So, quick review. Great course. Amount of stuff that I already knew less than %20, and even that was spread out. Tons of good info, I had never had that sort of instruction regarding grip and stance, nor one on one instruction in the same with correction offered immediately. Not just explanations of what to do, but along with solid reasons as to why these methods were what they believed were best and examples showing why. I will be taking more classes with them, most likely intermediate pistol and either CCW and/or Home Defense. Evidently you need 16 hours of instruction for a CCW. Also decided that I wont decide on what handgun I want until after the range stands up and I can spend some time with a variety of examples. "Paper" analysis has me leaning towards a Ruger SR1911 LIghtweight Commander. Todays work with the 9mm still has me thinking that a .45 might still be where I'm at.


----------



## Yooper

glhs837 said:


> "Paper" analysis has me leaning towards a Ruger SR1911 LIghtweight Commander. Todays work with the 9mm still has me thinking that a .45 might still be where I'm at.


Great post. Thank you.

For what it's worth, my preferences (as a result of years of Vulcan Kolinahr-intensive study):

= "Hammer fire" wins out over "striker fire" 100% of the time.

= .45ACP wins out over everything else 95% of the time (remaining 4%: .40S&W; left over 1%: 9mm).

= Ergo, 1911A1 or equivalent.


That is all (as there is no more!).

--- End of line (MCP)


----------



## black dog

With today's bullet technology you are giving up nothing by carrying a 9mm auto. Plus the advantage of having more rounds in the same space. 
 I also would bet that if you carry a 1911 around  for a few weeks you will change to a more modern automatic that much more comfortable to carry and is easier to deploy when needed than a 1911 in condition one.


----------



## Gilligan

glhs837 said:


> So, quick review. Great course. Amount of stuff that I already knew less than %20, and even that was spread out. Tons of good info, I had never had that sort of instruction regarding grip and stance, nor one on one instruction in the same with correction offered immediately.
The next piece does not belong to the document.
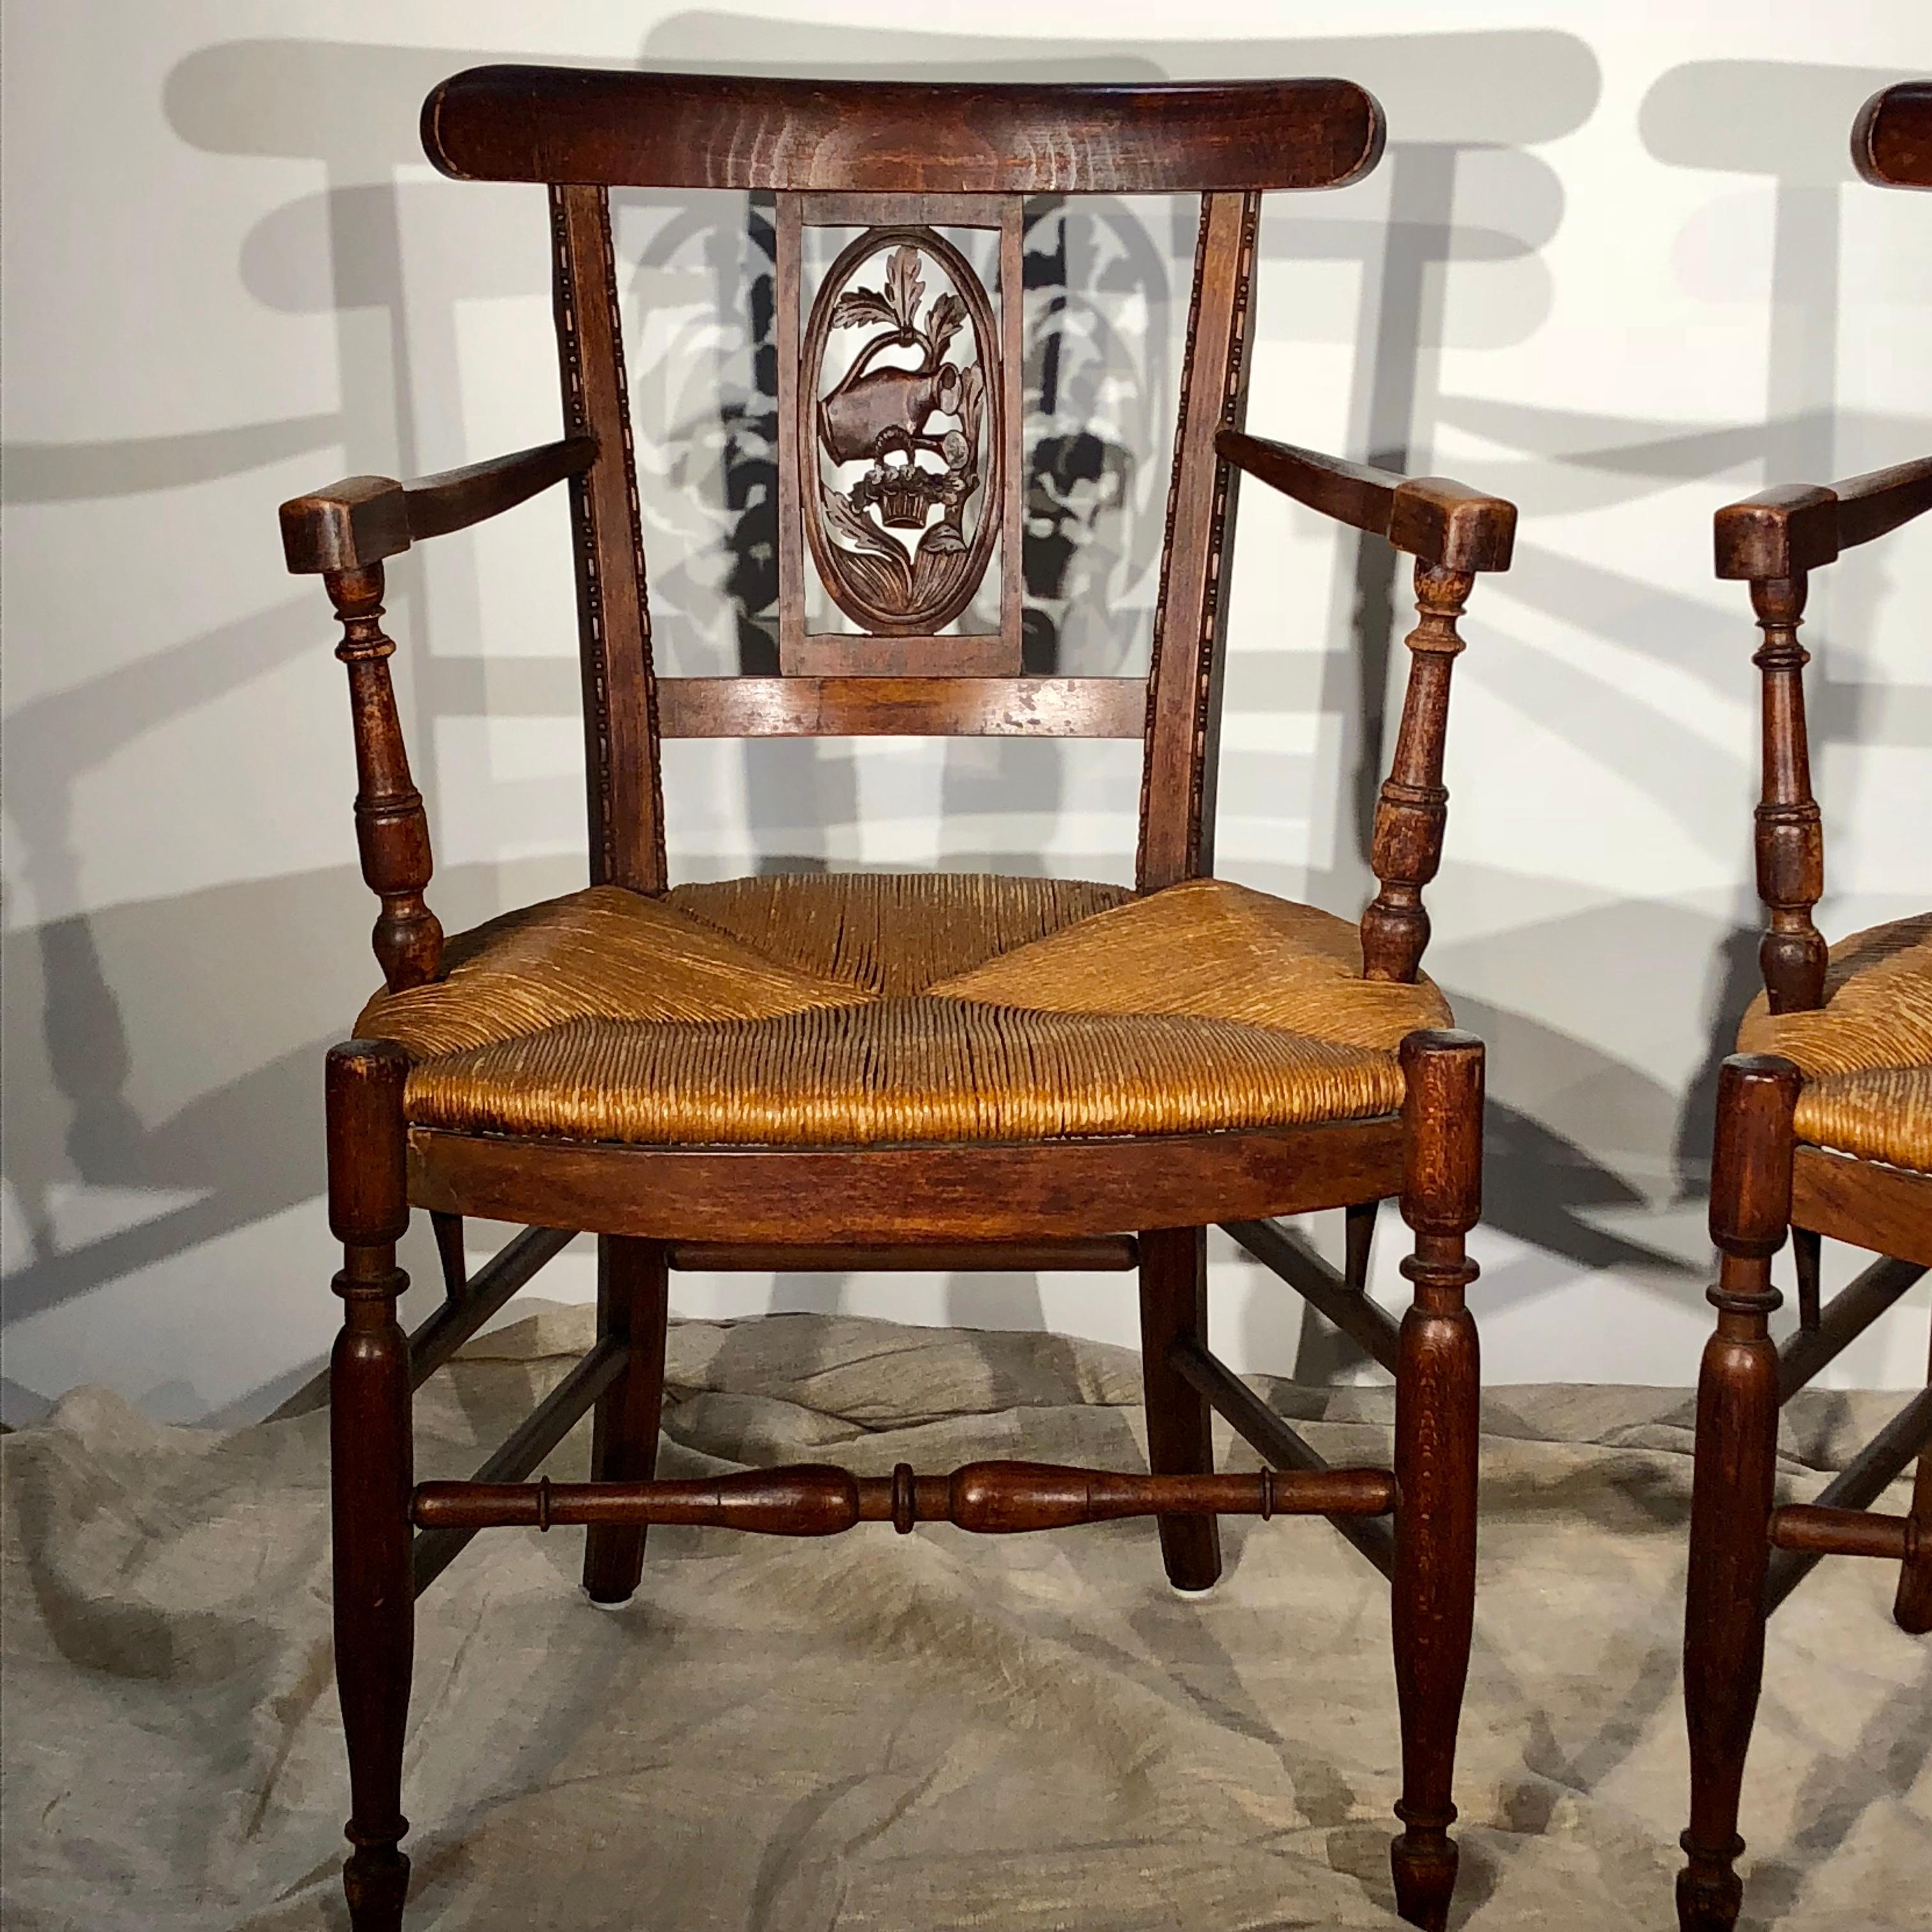 French Provincial Pair of French Country Armchairs, Garden Theme, 19th Century
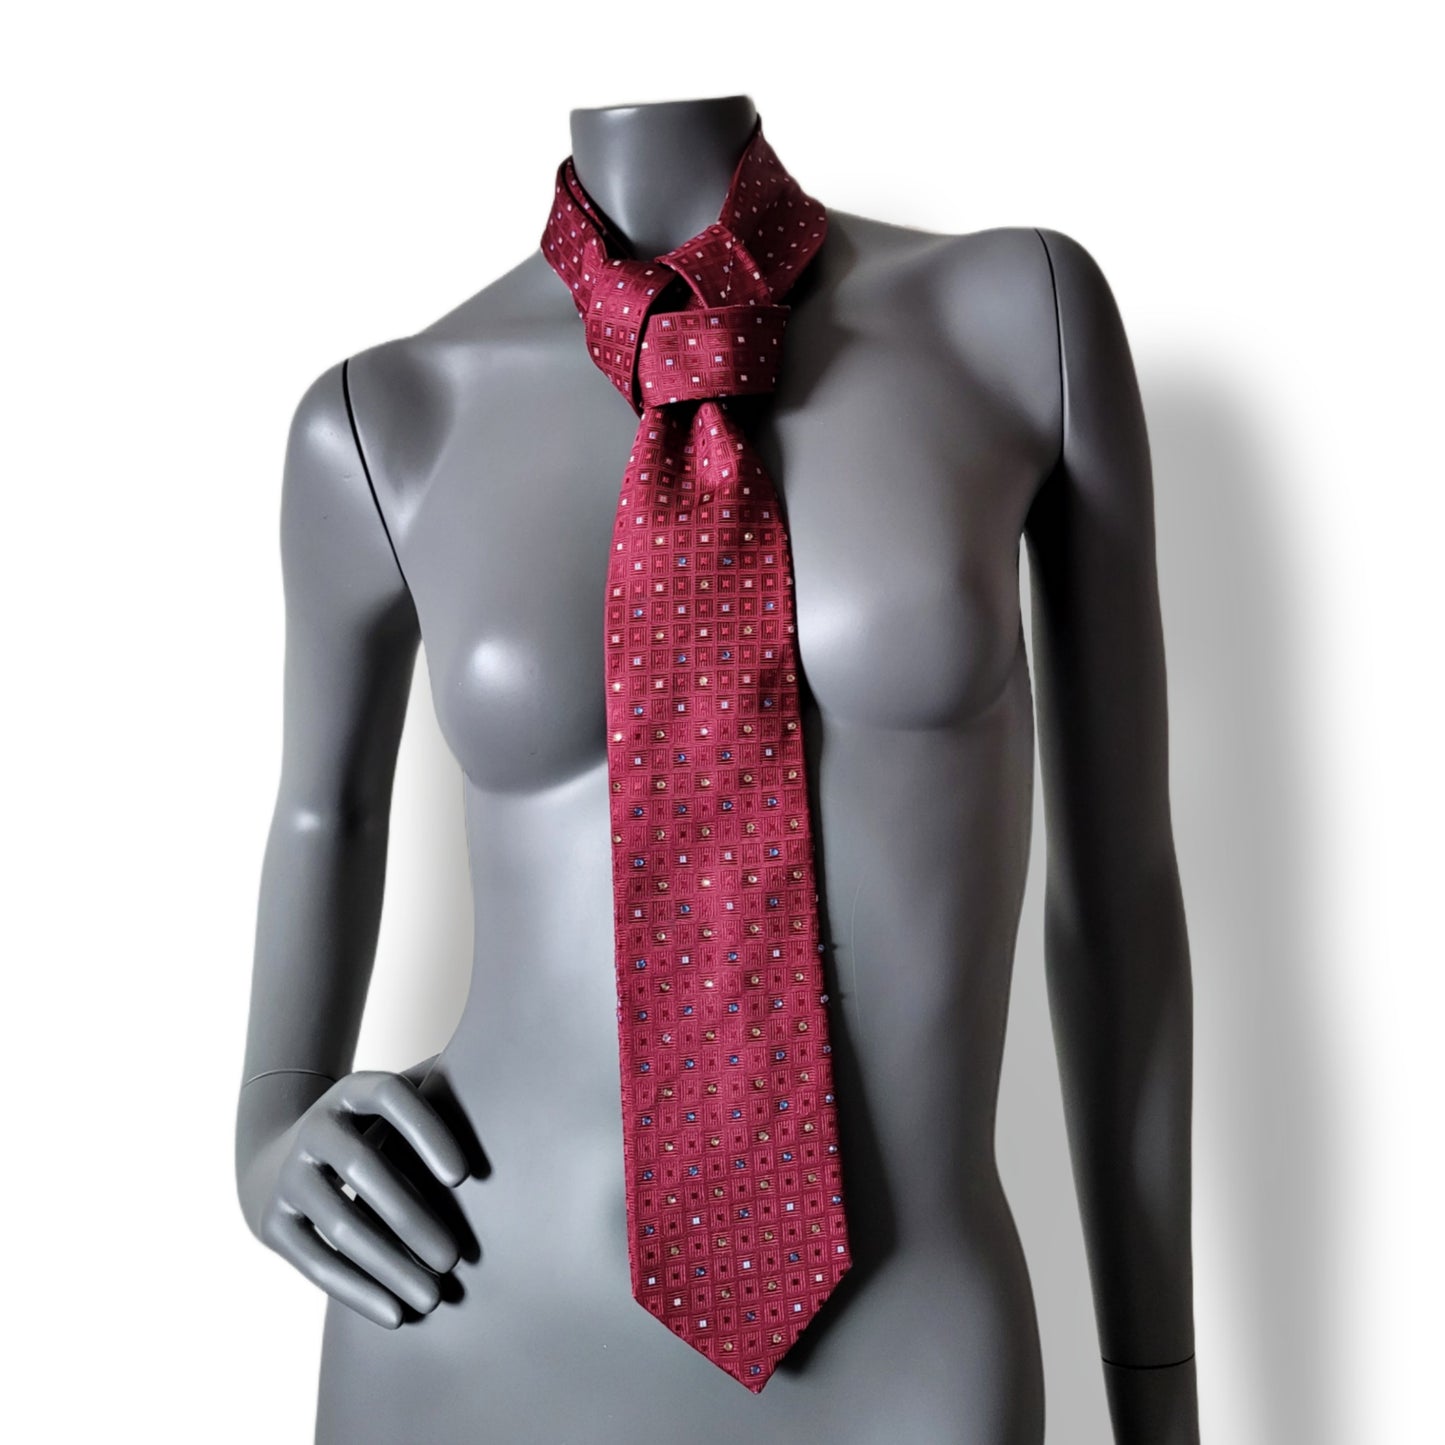 Another Dance collection: Modern Love tie, vintage burgundy | dark red silk necktie with glass crystals in light yellow and blue

Not just explanations of what to do, but along with solid reasons as to why these methods were what they believed were best and examples showing why. I will be taking more classes with them, most likely intermediate pistol and either CCW and/or Home Defense. Evidently you need 16 hours of instruction for a CCW. Also decided that I wont decide on what handgun I want until after the range stands up and I can spend some time with a variety of examples. "Paper" analysis has me leaning towards a Ruger SR1911 LIghtweight Commander. Todays work with the 9mm still has me thinking that a .45 might still be where I'm at.


Aren't they great?  I've gone through handgun courses before but the Thomas's knock it out of the park.  Did you get your membership yet?...wife and I did.


----------



## Gilligan

black dog said:


> With today's bullet technology you are giving up nothing by carrying a 9mm auto. Plus the advantage of having more rounds in the same space.
> I also would bet that if you carry a 1911 around  for a few weeks you will change to a more modern automatic that much more comfortable to carry and is easier to deploy when needed than a 1911 in condition one.


My smallest carry weapon is a bit unusual by most folks standards...an M57 Zastava in 7.62x25. It's fairly compact and so very thin (single stack) and yet still packs a punch; those 7.62 rounds have a very high velocity.  I have a 4" Kimber 1911 CDP too, but I prefer the M57 for every day carry.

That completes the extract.